2.2. Sensation seeking

Sensation seeking refers to the tendency to attain novel and intense experiences despite risks (Zuckerman, 1994). Sensation seeking has been associated with other addiction-related traits such as impulsivity (Hur & Bouchard,1997; Krueger et al., 2002), and there is some overlap in how these traits are defined (Ahn & Vassileva, 2016; Whiteside & Lynam, 2001).

2.2.1. Clinical findings

Despite some human studies showing a positive relationship between sensation seeking and opioid addiction vulnerability (Franques et al., 2003; Kosten et al., 1994; Vest et al., 2016), others have shown either no relationship (Conrod et al., 2000; Marino et al., 2013; Nielsen et al., 2012) or a negative relationship (Ahn & Vassileva, 2016). These inconsistencies may reflect the same general limitations of human studies described above.

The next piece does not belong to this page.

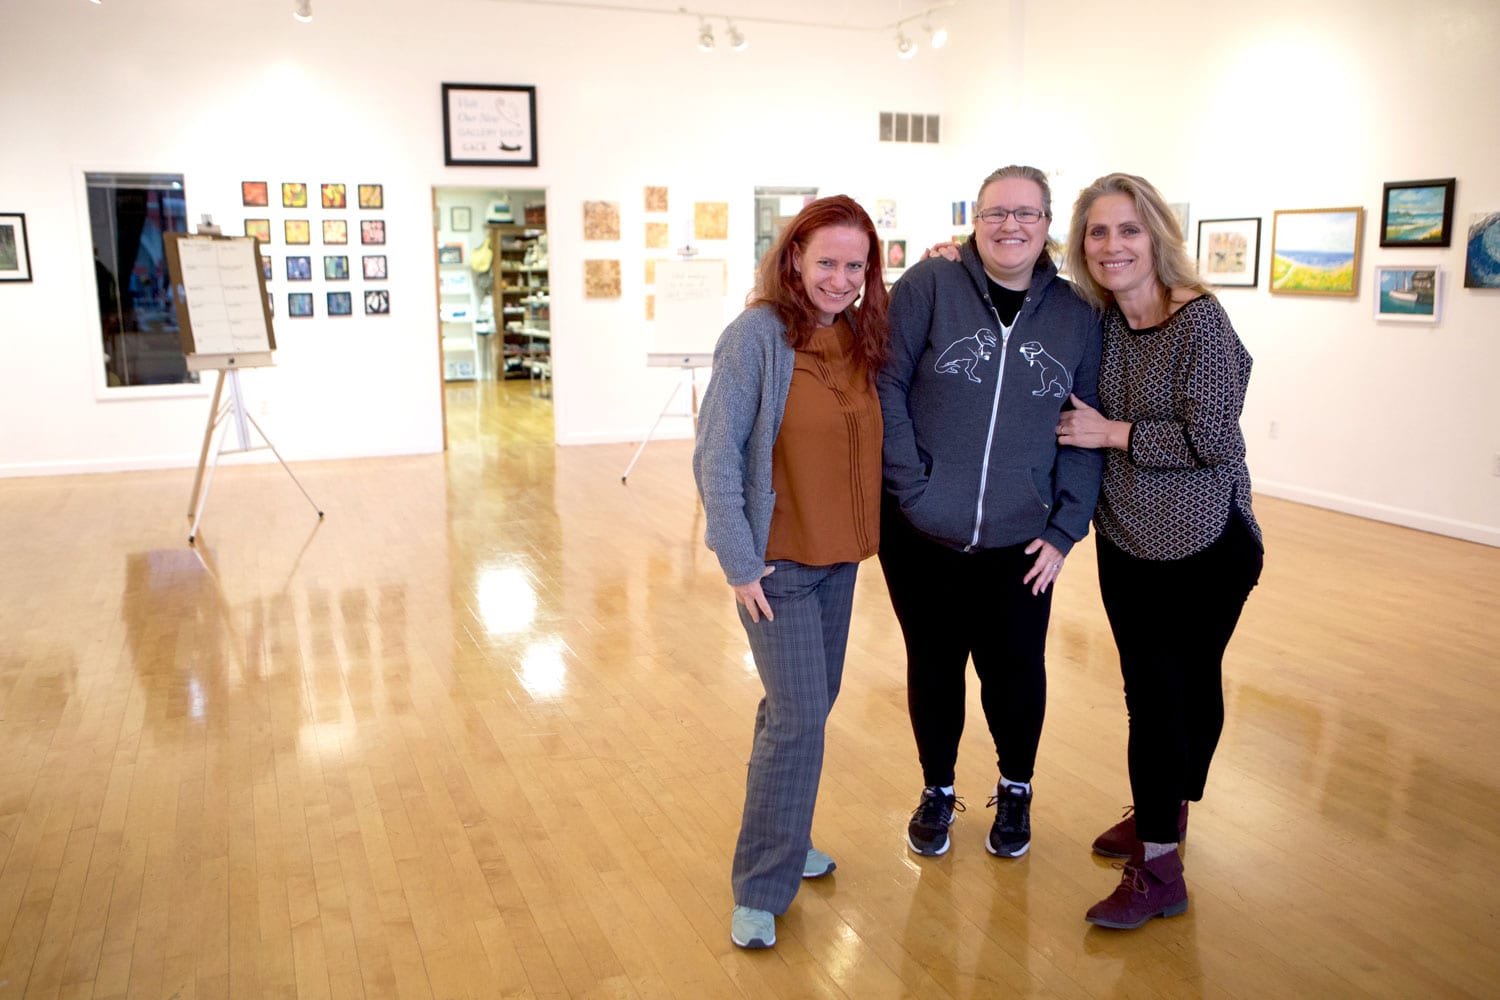 three people standing in an art gallery posing for a picture.

2.2.2. Preclinical findings

Two tests have been developed to model sensation seeking in rats. The first uses spontaneous locomotor activity in a novel environment as a measure of novelty seeking — a dimension of sensation seeking (Blanchard et al., 2009; Pawlak et al., 2008; Piazza et al., 1989). Higher locomotor activity reliably predicts greater SA of psychostimulants (e.g., cocaine, amphetamine), particularly in terms of acquisition (Piazza et al., 1989; Piazza et al., 2000). These findings are consistent with studies showing a positive relationship between sensation seeking and psychostimulant use in humans (Ahn & Vassileva, 2016; Nielsen et al., 2012).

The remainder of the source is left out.